My point can be simply stated. When Paul speaks of the individual Christian, or the whole church, as the ‘temple’ in which the spirit ‘dwells’, such language from a second-temple Jew can only mean (a) that YHWH has returned to his Temple as he had promised and (b) that the mode of this long-awaited, glorious, tabernacling presence is the spirit. If we can speak, as we have done, of a christology of divine identity, drawing on the eschatological side of second-temple monotheism, the evidence compels us to do exactly the same with pneumatology (711).

He looks at 1 Cor 3:16-17; 6:18-20; 2 Cor 6:14–7:1, and Eph 2:19-22 with Romans 8:9-14 — these are new Shekinah passages.

New Exodus: Gal 4:3-11; Rom 8:1-17, 22-27, 28-30; 1 Cor 12:11-13; 2 Cor 3.

What God did in the original Exodus is what God has done for the church in the Spirit.

All of this, then, leads Wright to see “nascent trinitarian monotheism” (721). He sees those Jewish categories as “more helpful” than later Greek philosophical categories.

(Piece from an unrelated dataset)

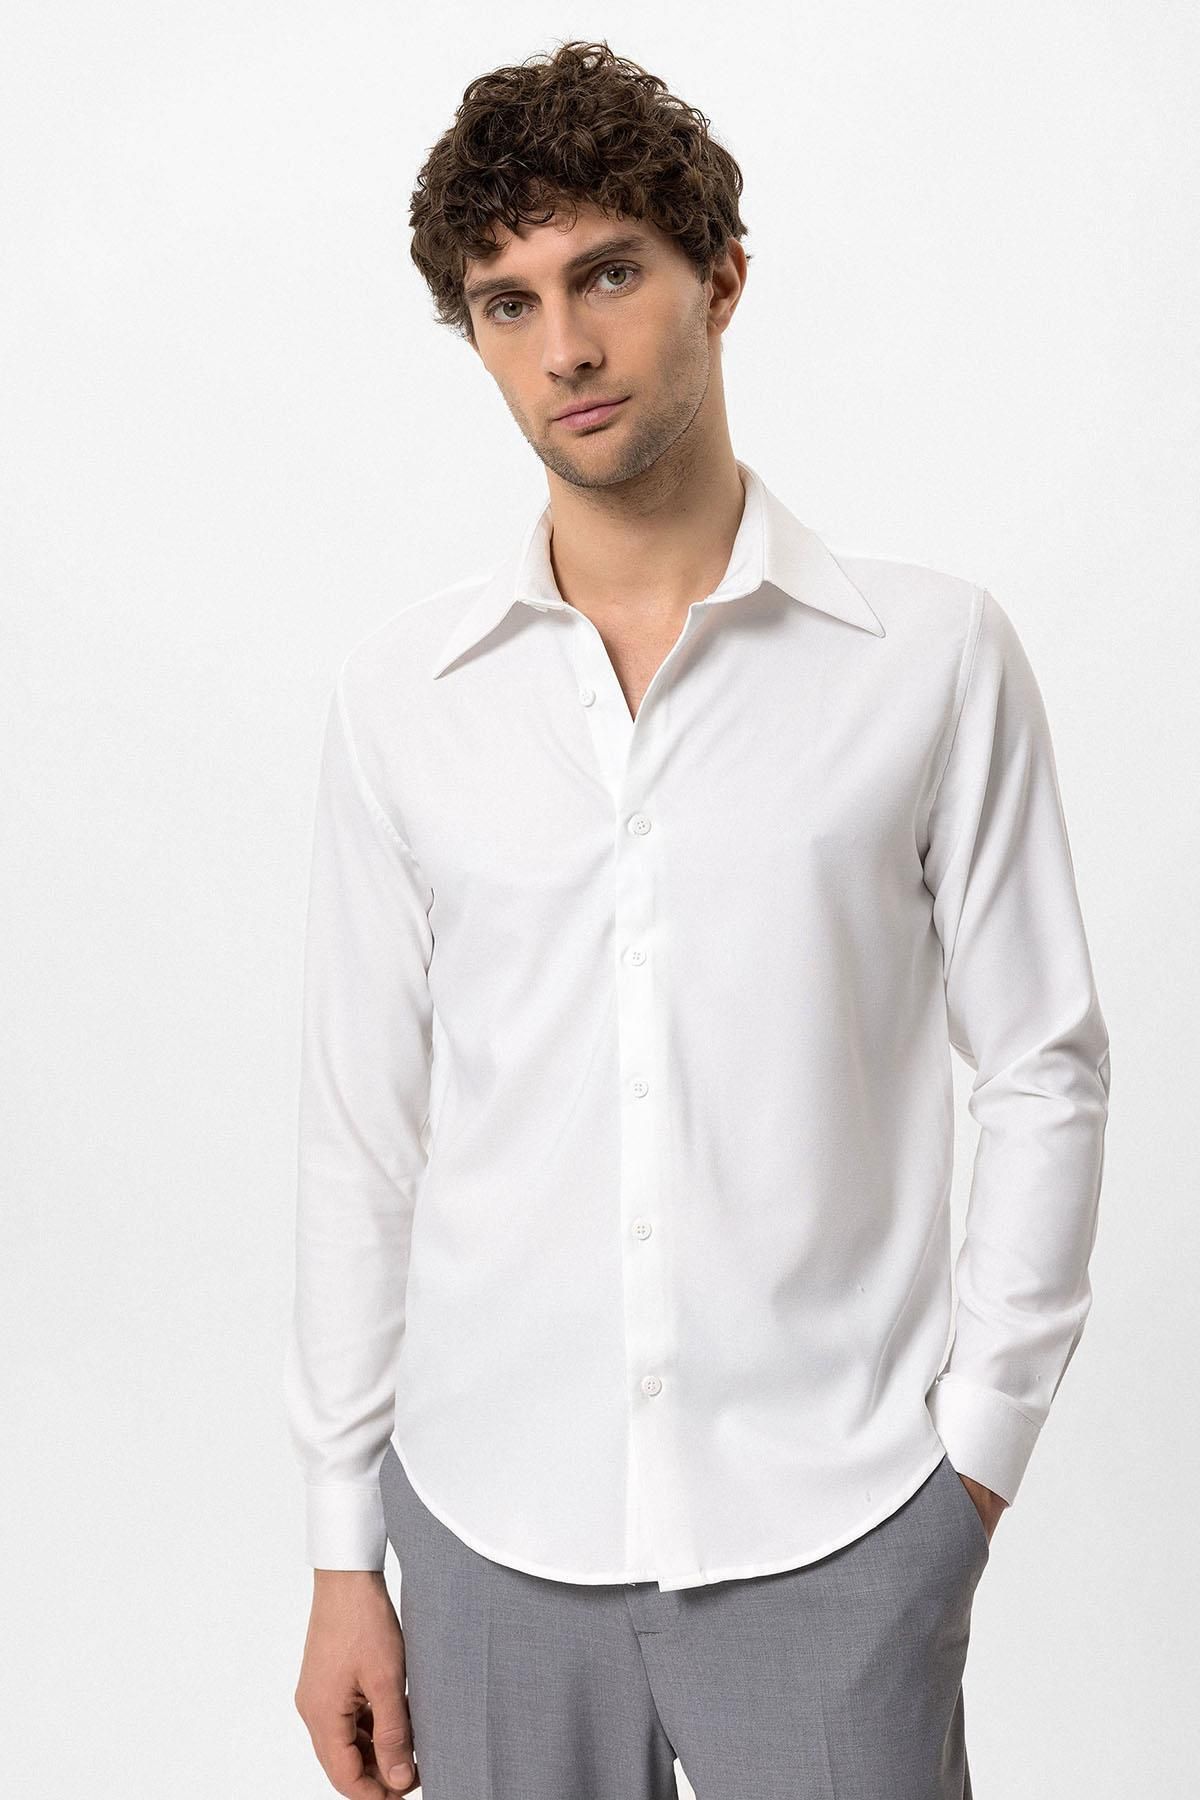 Antioch Beyaz Slim Fit Erkek Uzun Kollu Geniş Yaka Gömlek

2 Cor 13:13 is the hard earned theology of Paul.

Kingdom language, with Jesus as the one who secured victory, is the same idea: what was God’s work in the OT is the work of Jesus in the NT. Hence he looks at 1 Cor 15:20-28:

That is why, as we shall see in the next chapter, Paul’s hailing of Jesus precisely as Messiah is so important –and why, we may suppose, that category has for so long been thoroughly out of fashion in New Testament scholarship. Without pre-empting our later discussion, we may just say this: where theologians concentrated their efforts on the task either of demonstrating Jesus’ ‘divinity’ or of questioning it (or, at least, of questioning whether it was present in the earliest Christian sources), the category of Messiahship seemed irrelevant. It was Jewish; it was political; what role could it play in Paul’s ‘Christian’ theology? How could it befitted in with the obviously central theme, that of the crucifixion? But such a way of thinking (which has now in any case run into the sand) comes nowhere near the rich integration of themes in Paul’s actual letters. This, in fact, is where the present chapter and the next two are tied tightly together. It is because the redefinition of monotheism we find in Paul focuses on Jesus in order to highlight the inauguration of God’s kingdom in and through him, particularly through his crucifixion that we are forced to put the category of Messiahship back where it belongs, right at the centre of Paul’s thought.348 The kingdom has been inaugurated through the work of Jesus, who, both as the embodiment of Israel’s God and as the single bearer of Israel’s destiny, has defeated the old enemy, has accomplished the new Exodus, and is now, by his spirit, leading his people to their inheritance — not, of course, ‘heaven’, but the reclaiming of all creation (734-735).